By the time you reach this page you already own the easy nine-tenths of the weak feminine declension: nominative singular -a, the whole oblique singular collapsed into -u (kona, konu, konu, konu), and a plural in -ur. The trouble lives in exactly one cell — the genitive plural — and it is worth a page of its own precisely because that cell is the single most irregular slot in the entire declension. Most learners drill the friendly -u singular, declare the class "done," and then freeze when a genitive plural turns up after til, vegna, or in a compound and the expected -a turns out to be -na: sagna, kirkna, vikna. On top of that there is one genuinely suppletive form, kvenna "women's," that comes from a different ancient stem and follows no rule at all. This page is about taming that one cell — the -na ending, the consonant changes it forces, the j-stems that drop their j before it, and the handful of suppletives you simply memorise. (The basic kona / gata paradigm and the a → ö u-umlaut are on the weak feminine page; here we go straight to the genitive plural.)
The default is -na, not bare -a
The first correction to make is conceptual. Across the noun system the genitive plural is overwhelmingly bare -a (hesta, borga, barna), and that lulls English speakers into expecting *konaa / *saga for the weak feminines too. For this class the default is different: the weak feminine genitive plural ending is -na, and the stem vowel usually syncopates (drops out) before it. So the genitive plural of saga "story" is not *saga but sagna; of vika "week", vikna; of klukka "clock", klukkna. The -na is the rule here, not a sprinkling of exceptions.
| Nom. sg. | Gen. pl. | Gloss | What happens |
|---|---|---|---|
| saga | sagna | story / history | -na, stem -a syncopates |
| vika | vikna | week | -na, stem -a syncopates |
| klukka | klukkna | clock, bell | -na, stem -a syncopates |
| kirkja | kirkna | church | -na, j-stem drops the j |
| kona | kvenna | woman | suppletive stem kven- + -na |
Read down the "what happens" column and the shape of the cell becomes clear: take the stem, drop the linking vowel, add -na. Sag- + -na → sagna. Vik- + -na → vikna.
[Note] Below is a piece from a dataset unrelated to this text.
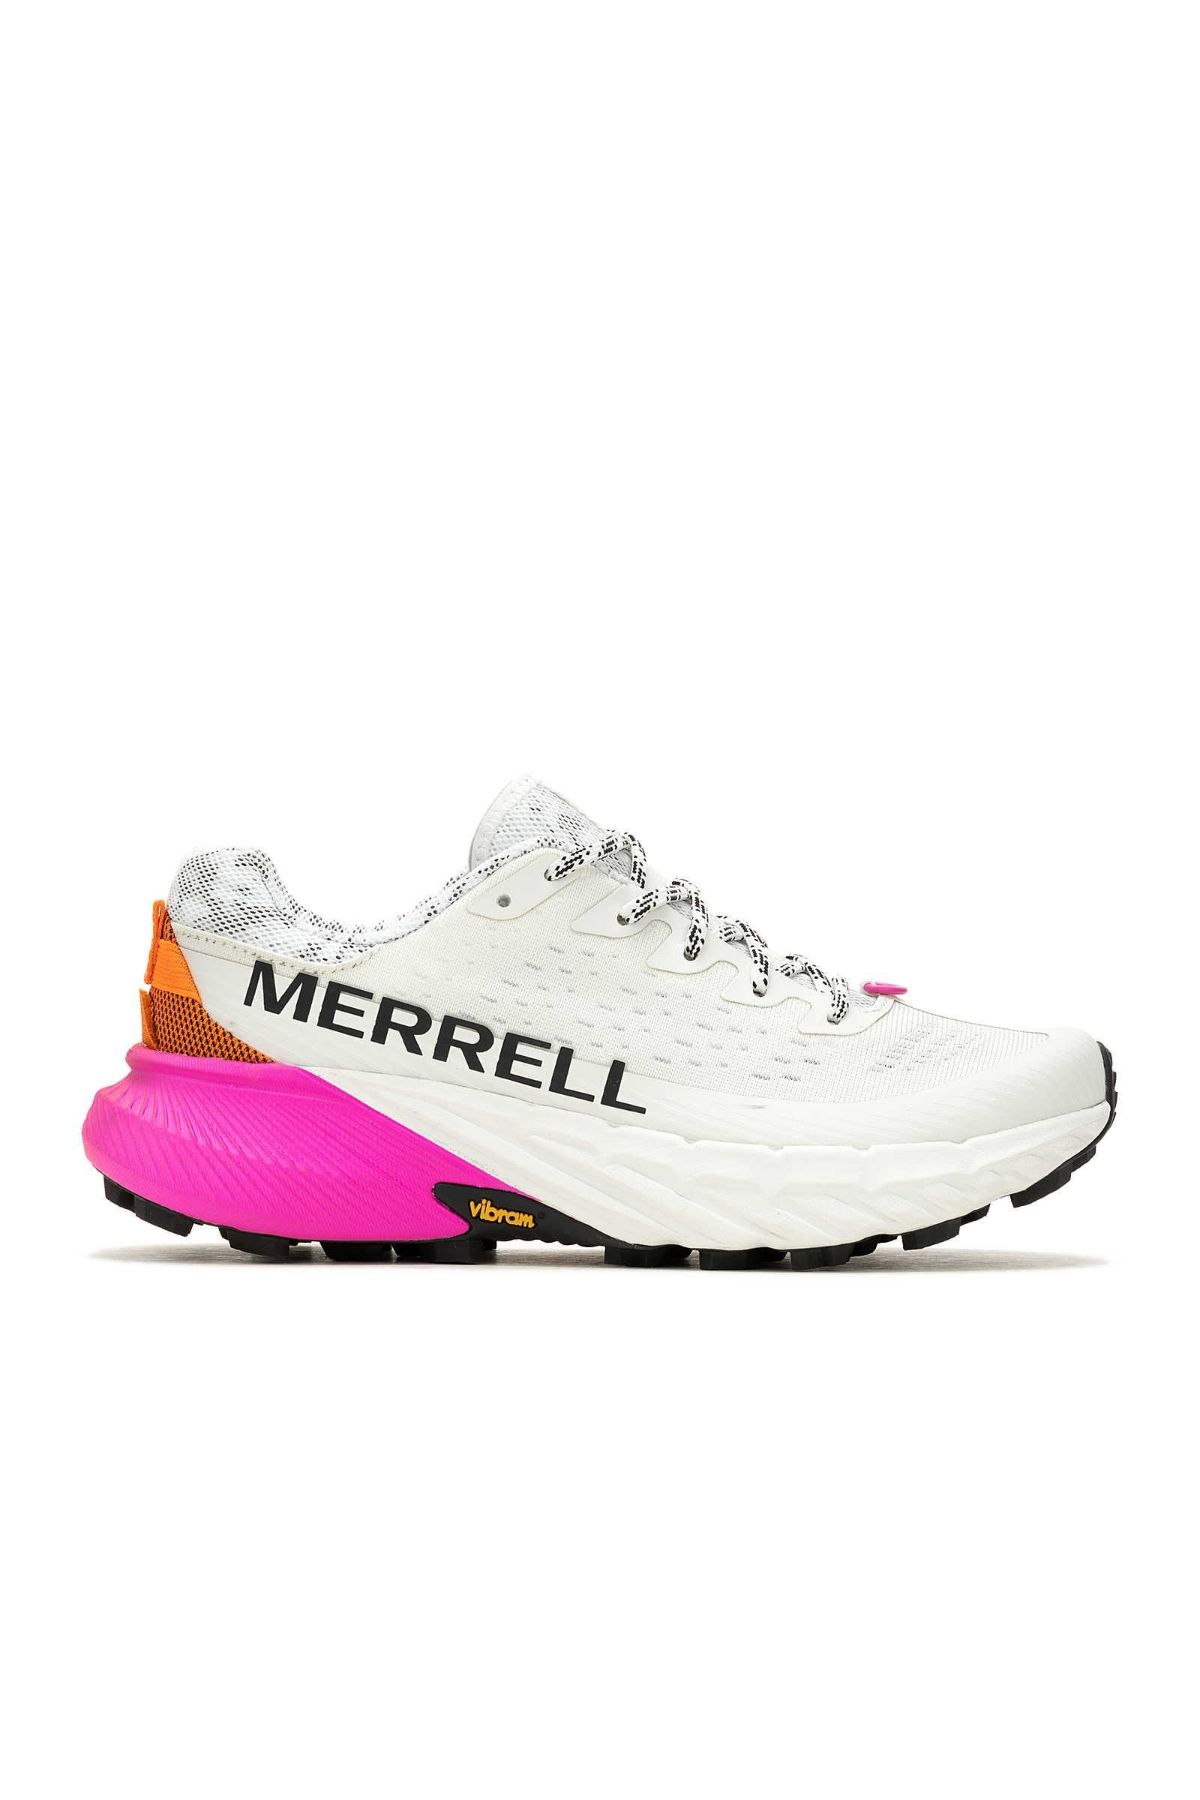 Merrell J068234 Agılıty Peak 5 Kadın Spor Ayakkabısı Beyaz Pembe

The a you see in the nominative singular is a declensional ending, not part of the root, so it disappears before -na rather than fusing into the bare -a you might expect from other classes.
Þetta er ein þekktasta persóna Íslendingasagna.
This is one of the best-known characters of the Sagas of Icelanders. Genitive plural 'sagna' (from 'saga') — -na with the stem vowel gone, never '*saga' or '*söga'.
Eftir margra vikna bið fékk hún loksins svar.
After many weeks of waiting she finally got an answer. Genitive plural 'vikna' (from 'vika') after 'margra' — the regular -na.
The -ja stems lose their j: kirkja → kirkna
A large and high-frequency subgroup of weak feminines ends in -ja: kirkja "church", smiðja "smithy, workshop", brynja "coat of mail", gyðja "goddess". These behave like the others through the singular and most of the plural, but the genitive plural drops the j entirely. Kirkja does not give *kirkjna — the j cannot stand before the -na cluster, so it falls out and you get kirkna. The same happens to smiðja → smiðna. This is not an arbitrary exception: the j survives only before back vowels (a, u, o), and the -na ending presents a consonant, so the j has nothing to glide onto and disappears.
| Nom. sg. | Gen. sg. | Nom. pl. | Gen. pl. | Gloss |
|---|---|---|---|---|
| kirkja | kirkju | kirkjur | kirkna | church |
| smiðja | smiðju | smiðjur | smiðna | workshop |
Notice that the j is alive and well in kirkju and kirkjur — before the back vowels u — and vanishes only in the genitive plural kirkna, where the next sound is the n of the ending. So a learner who knows kirkju and kirkjur still has to learn kirkna separately, because the j the whole rest of the paradigm displays is exactly the segment that drops here.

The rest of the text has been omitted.